### MATERIAL PROVIDED
******
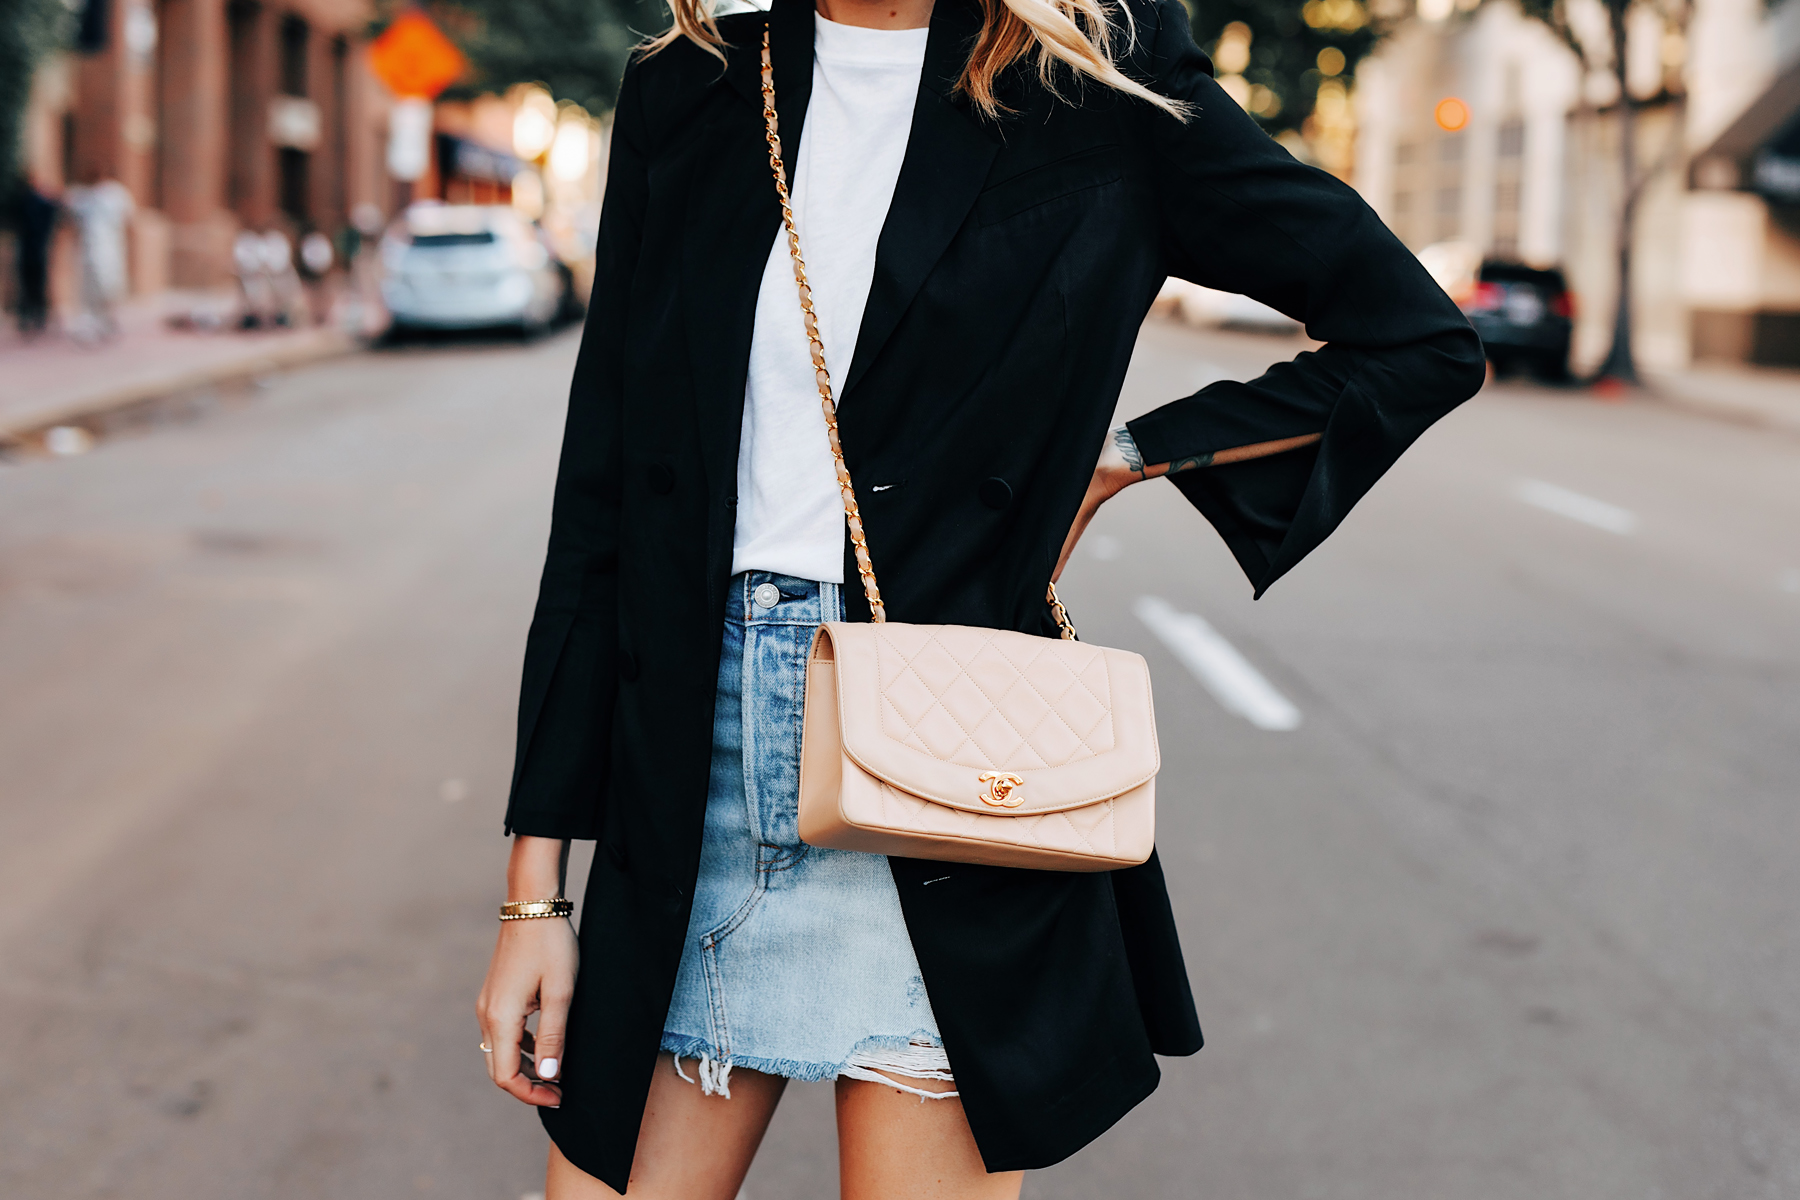 Fashion Jackson Wearing Anine Bing Black Blazer White Tshirt Levis Denim Skirt Chanel Beige Handbag 1
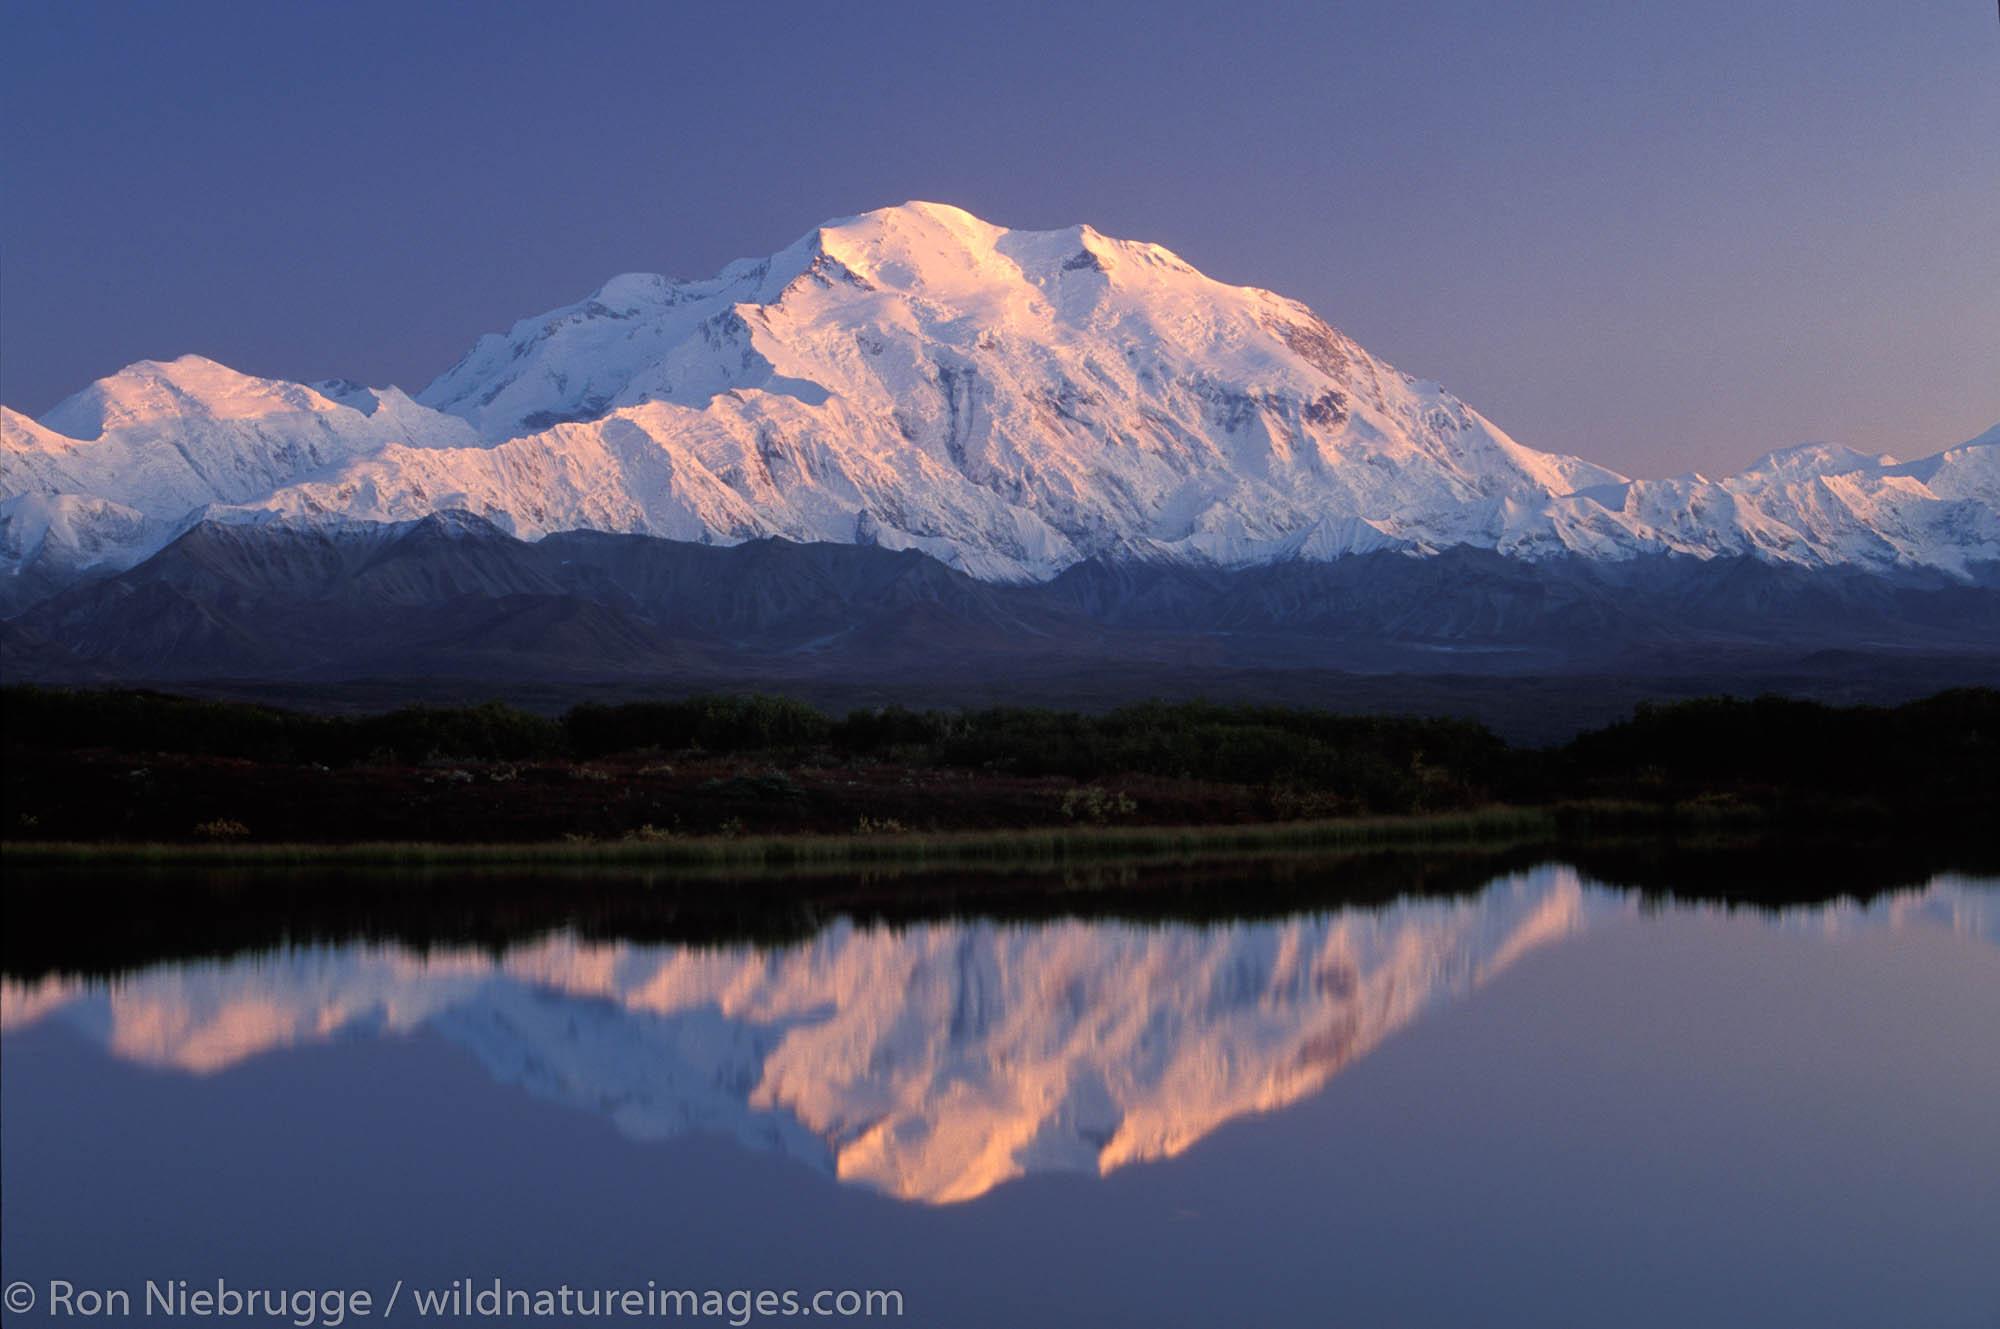 Mt McKinley and Reflection Pond, Denali National Park, Alaska.
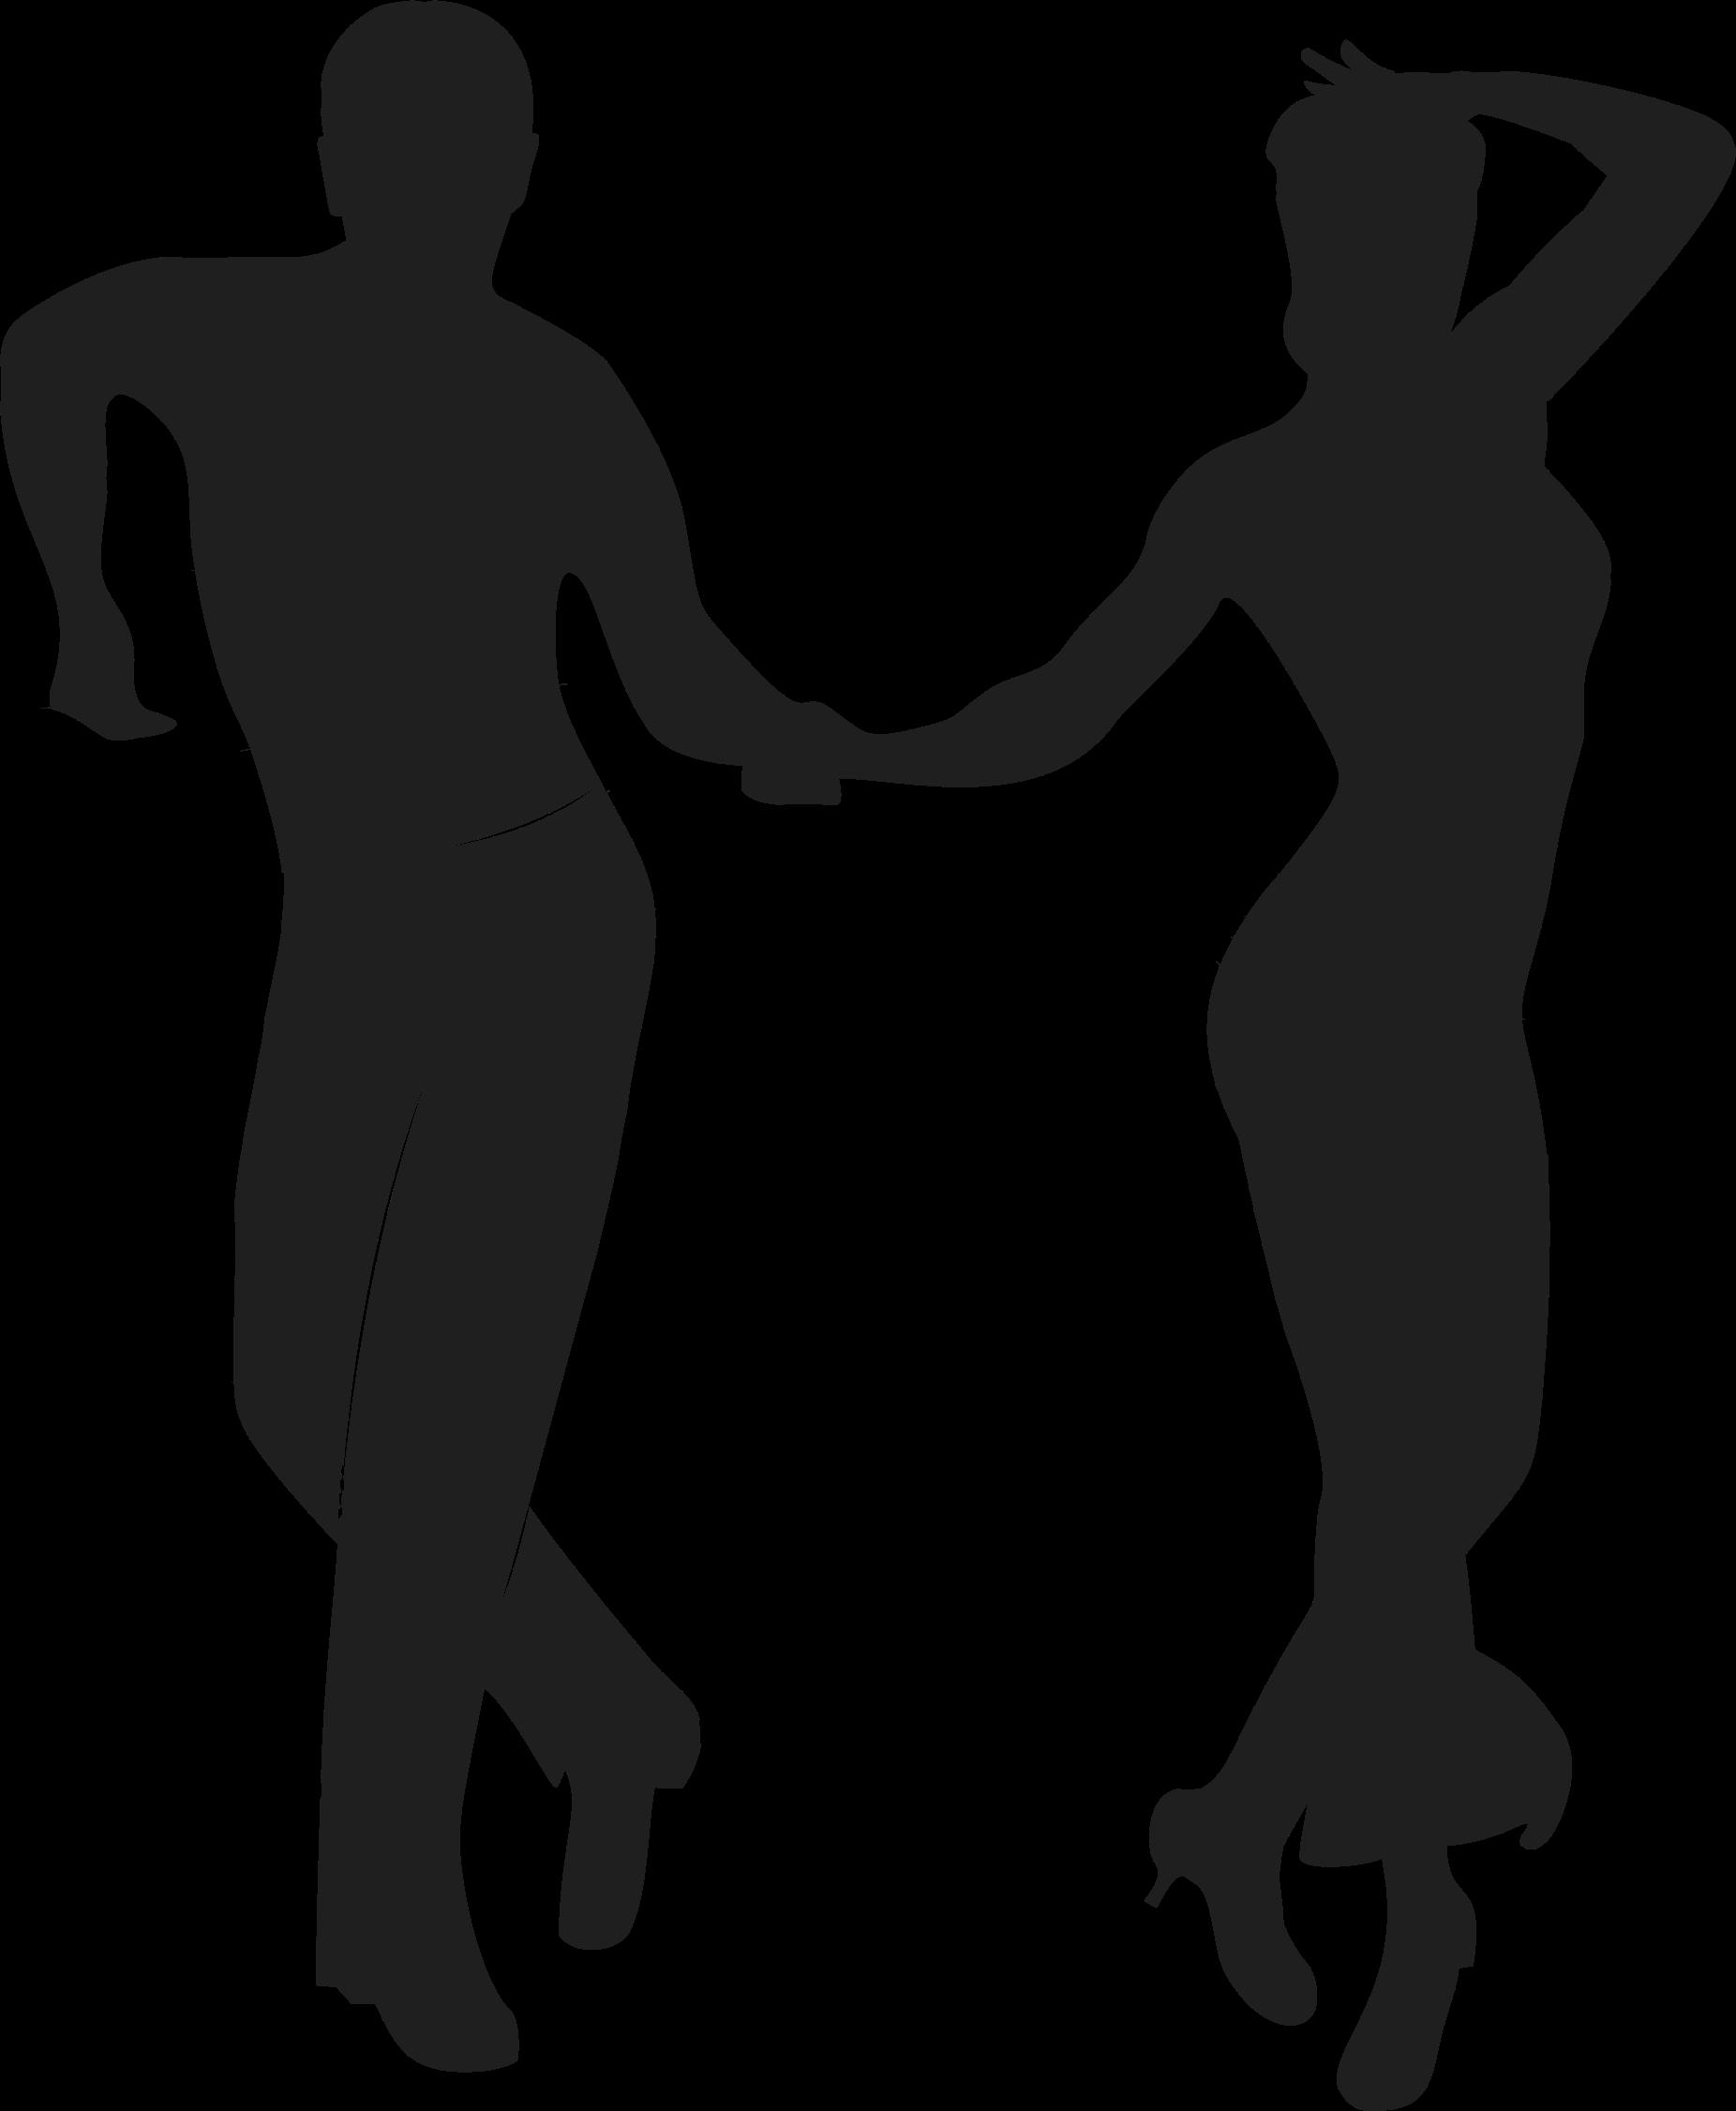 Dancers Modernsequencedancing Dancing Couple Silhouette Couple Silhouette Dance Silhouette
******
### DIRECTIONS FOR THIS TASK
Everything above should be given again exactly, apart from the pictures.

### ANSWER BOX
 Fashion Jackson Wearing Anine Bing Black Blazer White Tshirt Levis Denim Skirt Chanel Beige Handbag 1
 Mt McKinley and Reflection Pond, Denali National Park, Alaska.
 Dancers Modernsequencedancing Dancing Couple Silhouette Couple Silhouette Dance Silhouette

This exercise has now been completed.